Typical expiratory curves obtained on one subject who performed the 10 SBW maneuvers (Fig. 2) show that each curve is specific to a given maneuver, including the amplitude and shape of the cardiogenic oscillations. For the lateral decubitus maneuvers, the shape of phase III is due to very large patterns of sequential emptying between the dependent and nondependent lung, as was previously demonstrated (5, 8). Frazier et al. (8) obtained SBW curves from individual lungs in awake volunteers in lateral decubitus posture, showing extreme sequencing between lungs, which makes the interpretation of phase III and IV very difficult. Not only does the contribution of each lung to phase III change dramatically during expiration, but the onset of phase IV is almost always impossible to measure. For these reasons, we decided not to measure the slope of phase III or phase IV height in these lateral postures nor to speculate on the amplitude and shape of the cardiogenic oscillations. The modifications in shape and amplitude of the oscillations between supine and prone and between lateral left and lateral right show that the role of the heart is posture dependent. The SBW curves of Fig. 2 also indicate that gravity plays a primary role in the shape of the curves. Despite that, the mean slope of phase III in maneuvers with 3-s breath-holding are remarkably insensitive to body posture, with or without end-inspiratory rotation (Fig. 4).

The standard model for the interpretation of the gravity-dependent slope of the alveolar plateau in any body posture is the so-called "onion-skin" diagram described by Milic-Emili et al. (13) and the demonstration by Anthonisen et al. (2) of gravity-dependent sequential emptying of lung regions throughout the VC. The model of Milic-Emili et al. assumes a fixed gradient of pleural pressure and uniform intrinsic elastic properties of the lung. Because of the curvilinear pressure-volume (PV) relationship, nondependent lung regions (higher up on their PV curve) are more expanded and inflate less during a breath than dependent regions situated on the steeper part of the PV curve. Because the pleural pressure gradient is attributed to the weight of the lung, gravity influences the gradient and hence the vertical difference in expansion. Therefore, this model predicts that, in µG, vertical distribution of inspired gas is more uniform and phase III slope is reduced. However, only minor reductions in phase III slope were observed during transient (12) and sustained (9) µG. These results suggest other sources of ventilation inhomogeneity. On the basis of experiments performed in dogs, Engel et al. (7) have shown that small lung regions subtended by peripheral airways also manifest an inhomogeneity of gas concentrations among units emptying sequentially (CDI), a possible mechanism being that of differing mechanical properties of relatively small lung units. The other mechanism is DCDI in the lung periphery which, according to theoretical studies (14), also leads to a sloping phase III.

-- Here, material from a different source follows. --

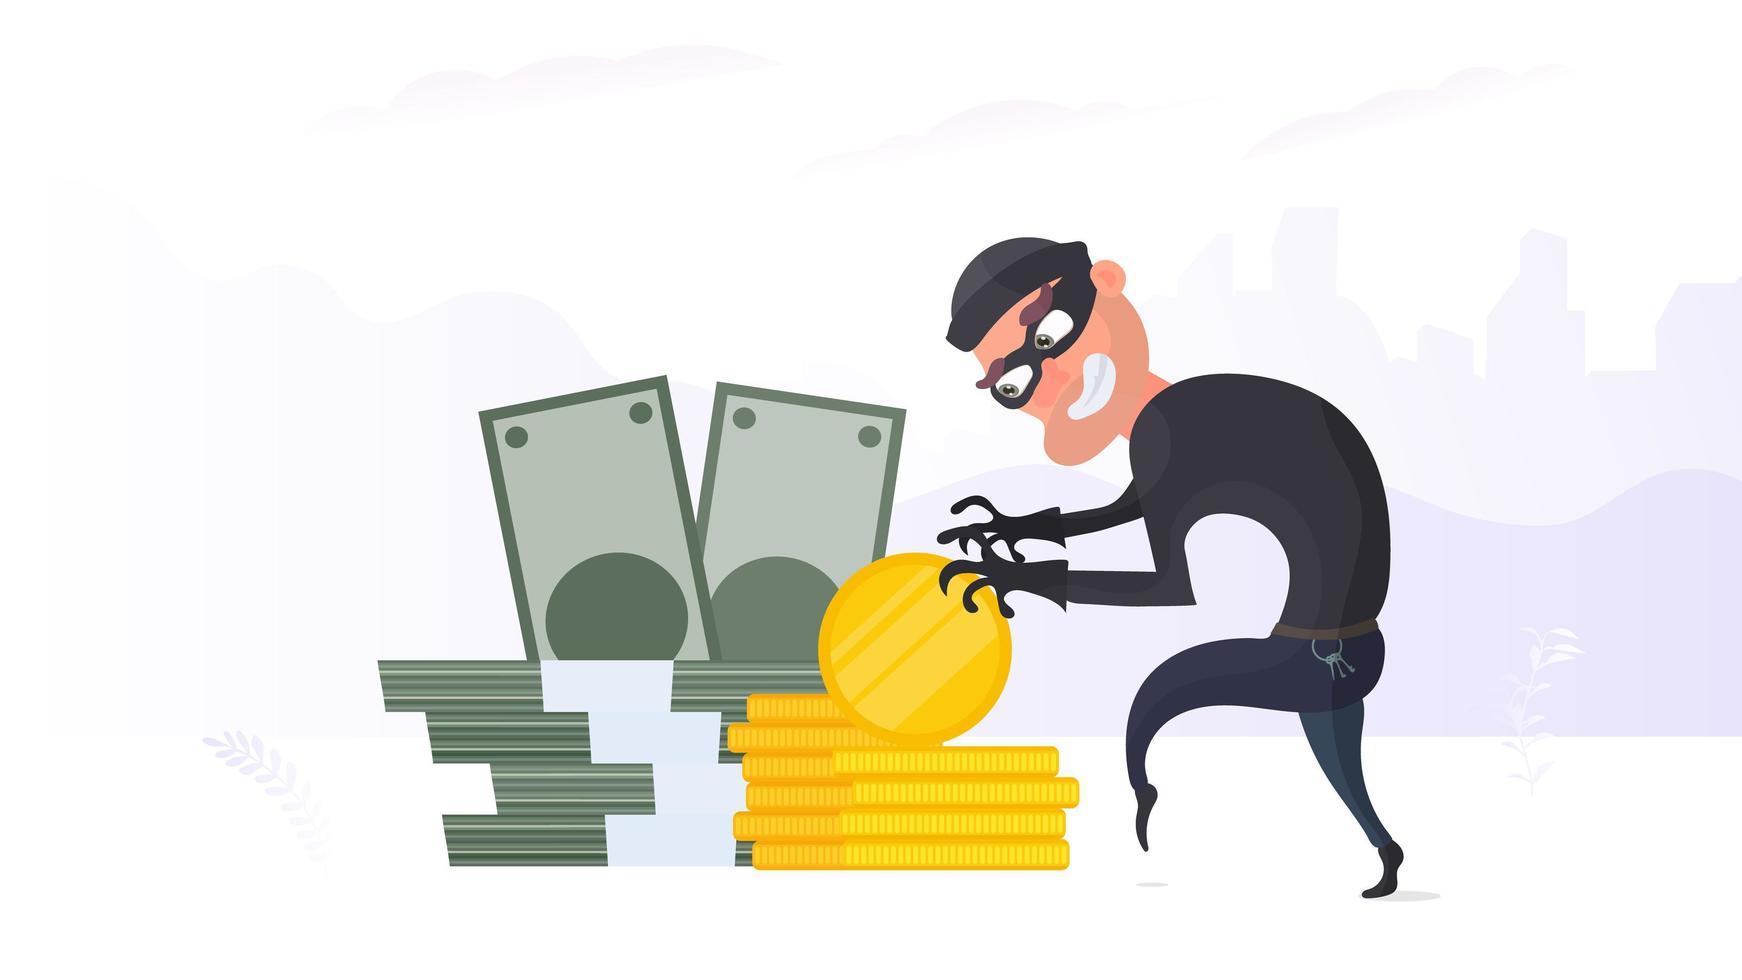 o ladrão rouba dinheiro. o criminoso rouba moedas de ouro. conceito de segurança de roubo e finanças. estilo simples, vetor. vetor

Posture-dependence of phase III: Role of gravity. The marked N2 phase III slope decreases between supine and prone postures with or without breath-hold (Figs. 3 and 4) indicate that, at least in the supine posture, phase III slope is partially due to emptying patterns of lung units larger than acini with different volume-to-ventilation ratios (i.e., CDI). Insofar as the onion-skin models obtained in supine and prone postures are similar (10), it would be unlikely that the difference in N2 phase III slope between static supine and prone SBW maneuvers are due to different gravity-dependent inspired ventilation distribution. If, on the other hand, we extrapolate to humans the result obtained by Wiener-Kronish et al. (18) in dogs, the vertical gradient of pleural pressure in the prone posture is smaller than in the supine posture, and this can explain, at least in part, the observation. In any case, the CDI contribution to N2 phase III slope appears to be smallest in the prone posture.

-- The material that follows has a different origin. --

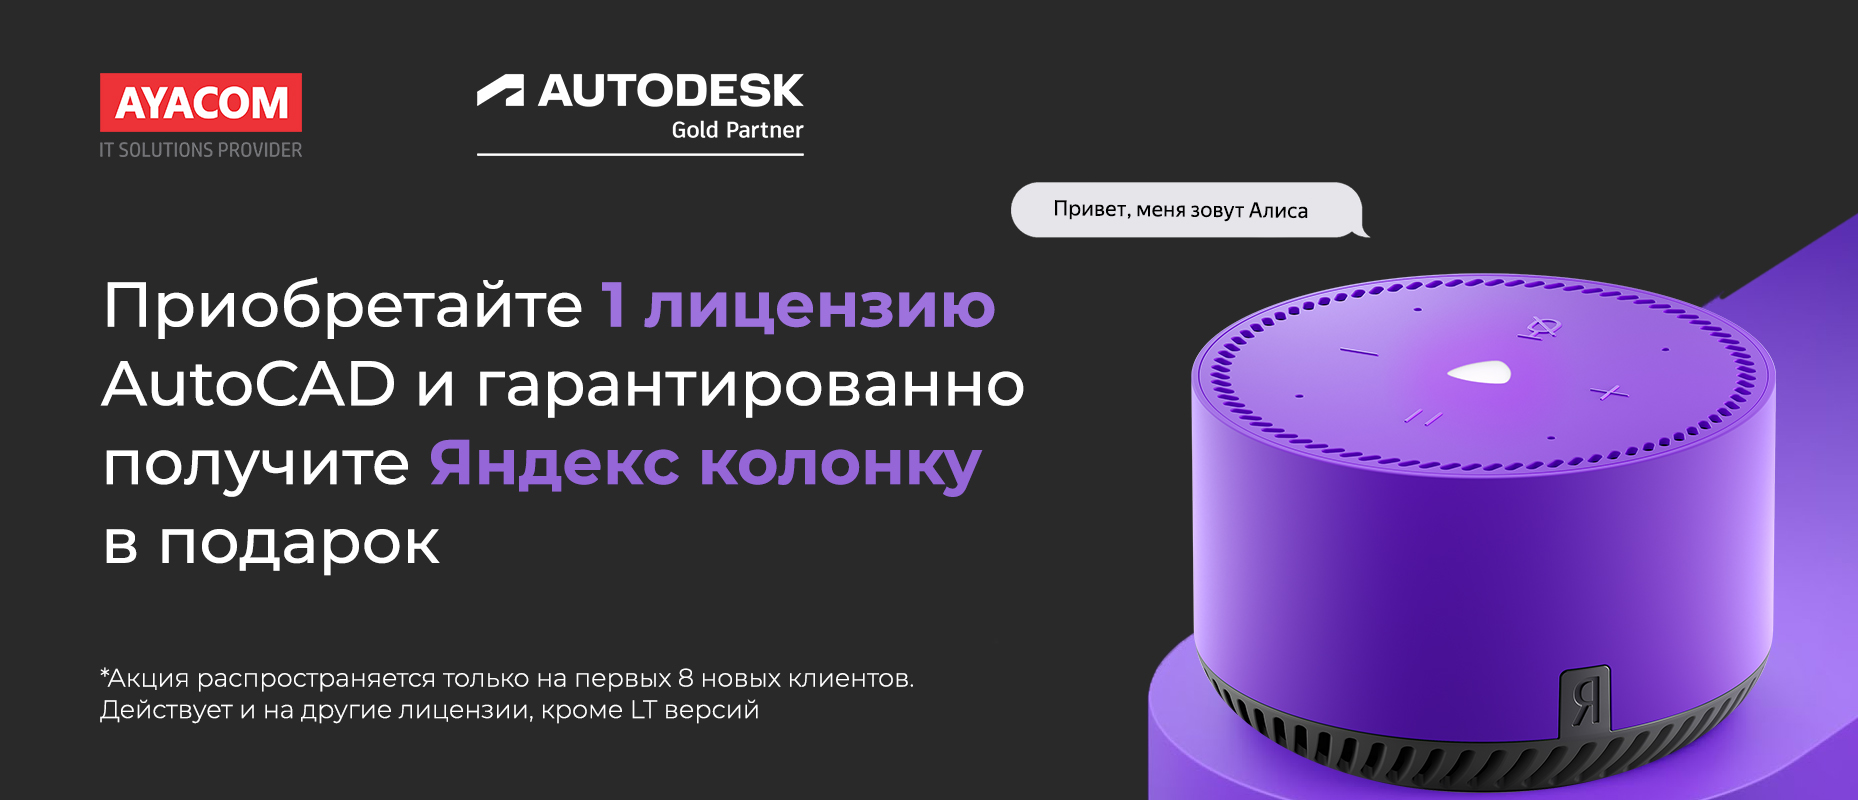 Приобретайте 1 лицензию AutoCAD и гарантированно получите 1 Яндекс колонку.

The gravity-dependent contribution to ventilation inhomogeneity in the prone and supine postures can be assessed by comparison of the static (supine or prone) and semistatic (supine-prone or prone-supine) SBW maneuvers. To validate this approach, we have also evaluated the possible transient effects of the end-inspiratory rotation in the supine-prone and prone-supine measurements. This was done by comparing prone and supine SBW maneuvers with or without an end-inspiratory 360° rotation (Table 3). We decided to keep the same angular velocity (15 rpm) and extended end-inspiratory breath-holding from 3 to 5 s. In fact, N2 phase III slope and SF6-He slope difference obtained with a 5-s breath-hold (SP vs. PR in Table 3) showed similar behavior to that obtained with a 3-s breath-hold (SP vs. PR in Fig. 4).

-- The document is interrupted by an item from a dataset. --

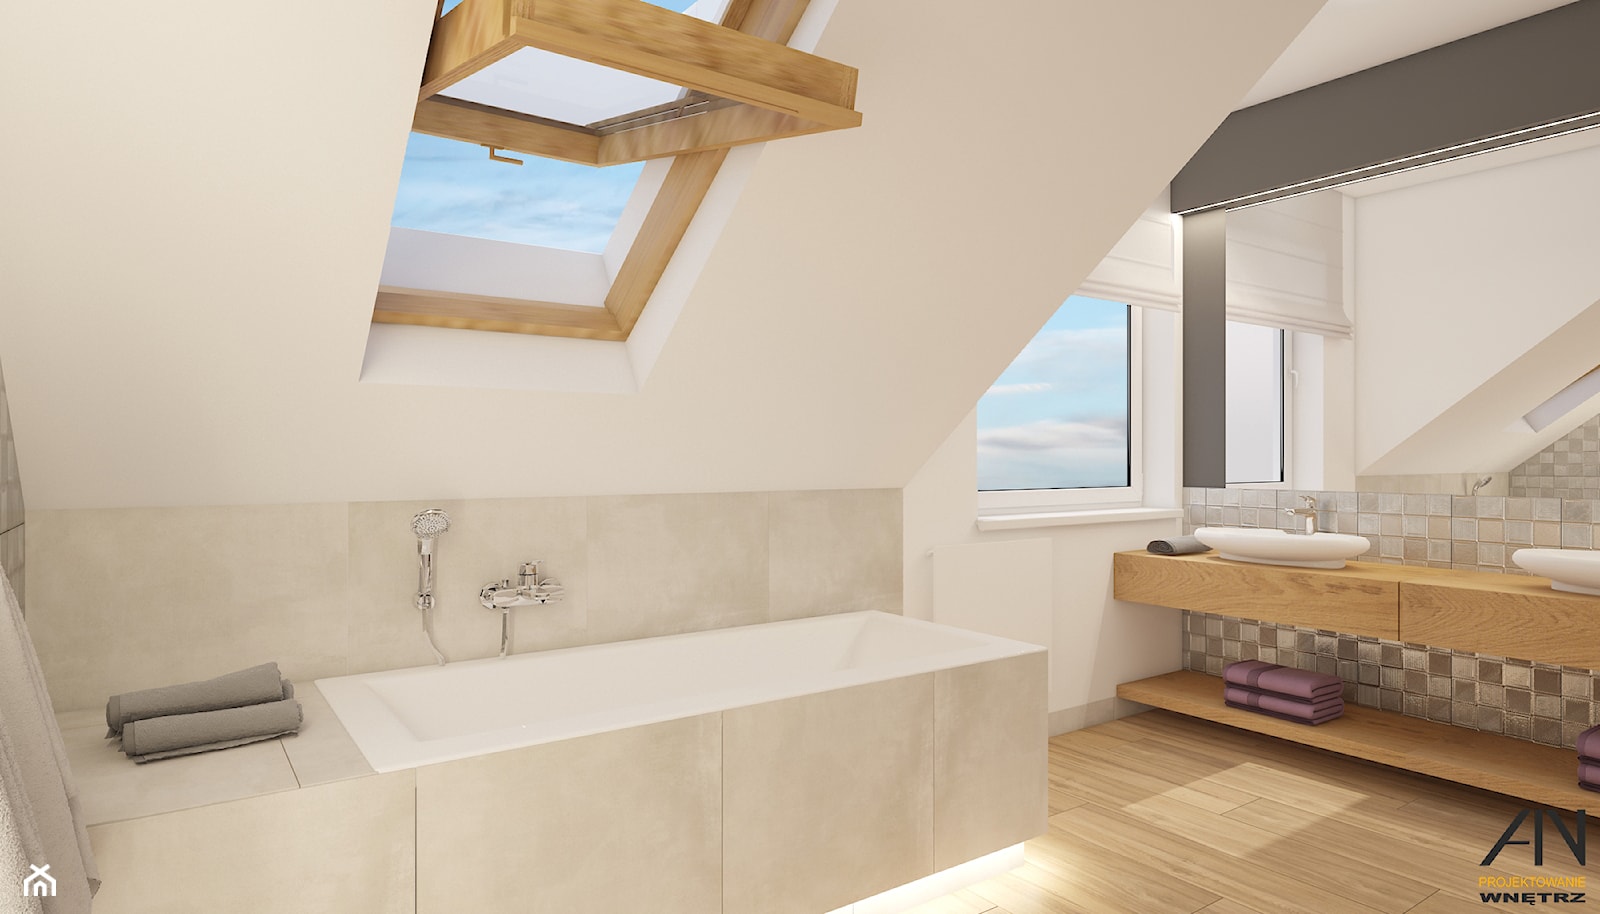 łazienka z drewnem - zdjęcie od AIN projektowanie wnętrz - Homebook

The fact that a significant decrease in N2 phase III slope was observed in the supine posture with a 360° rotation compared with the equivalent static SBW suggests a small dynamic effect. The fact that the SF6-He slope difference remained unaffected by the 360° rotation indicates that this transient effect is CDI in origin. In this respect, the absence of any transient effect in the prone experiments, even for the N2 phase III slope, is consistent with minimal CDI inhomogeneities in this posture. Finally, because the 5-s breath-hold increases the relative importance of CDI (i.e., ventilation inhomogeneities between units larger than those in which 2 extra seconds allow homogenization by diffusion), the transient dynamic effect in the supine-prone and prone-supine measurements (with 3-s breath-hold) is expected to be even smaller. Therefore, we will neglect it in the computation of the gravity-dependent ventilation inhomogeneities.

On the basis of the comparison between static and semistatic maneuvers combining supine and prone postures (Fig. 4), we can now evaluate the role of gravity on phase III slope. Indeed, if gravity were the only factor generating phase III, we would expect almost perfect inversion of the slopes when comparing maneuvers with or without 180° rotation between inspiration and expiration (provided that all other conditions such as flow, VC, and end-inspiratory breath-hold are similar in static and semistatic maneuvers). Let us consider the mean N2 phase III slope values depicted in Fig. 4: 0.055 liter-1 for supine, 0.041 liter-1 for prone, and 0.035 liter-1 for supine-prone and prone-supine (the latter value is taken as the average of both semistatic maneuvers, because they are not significantly different from each other). If gravity were the only mechanism present, e.g., in the supine posture, one would expect a mean slope of -0.055 liter-1 for the supine-prone SBW maneuver, i.e., a 0.11 liter-1 decrease. The actual 0.020 liter-1 decrease between supine and supine-prone suggests that the average gravity dependence of the slope in the supine posture is only 18% (0.020/0.110). The same reasoning for prone vs. prone-supine yields an even smaller gravity dependence in the prone posture of 7% (0.006/0.082). The estimated 18% gravity-dependence of the supine N2 slope is less than the 32% N2 slope decrease observed by Guy et al. (9), when the supine condition was compared with sustained µG. Unfortunately, no N2 phase III slope data exist in the same individuals in the supine posture and in short-term µG.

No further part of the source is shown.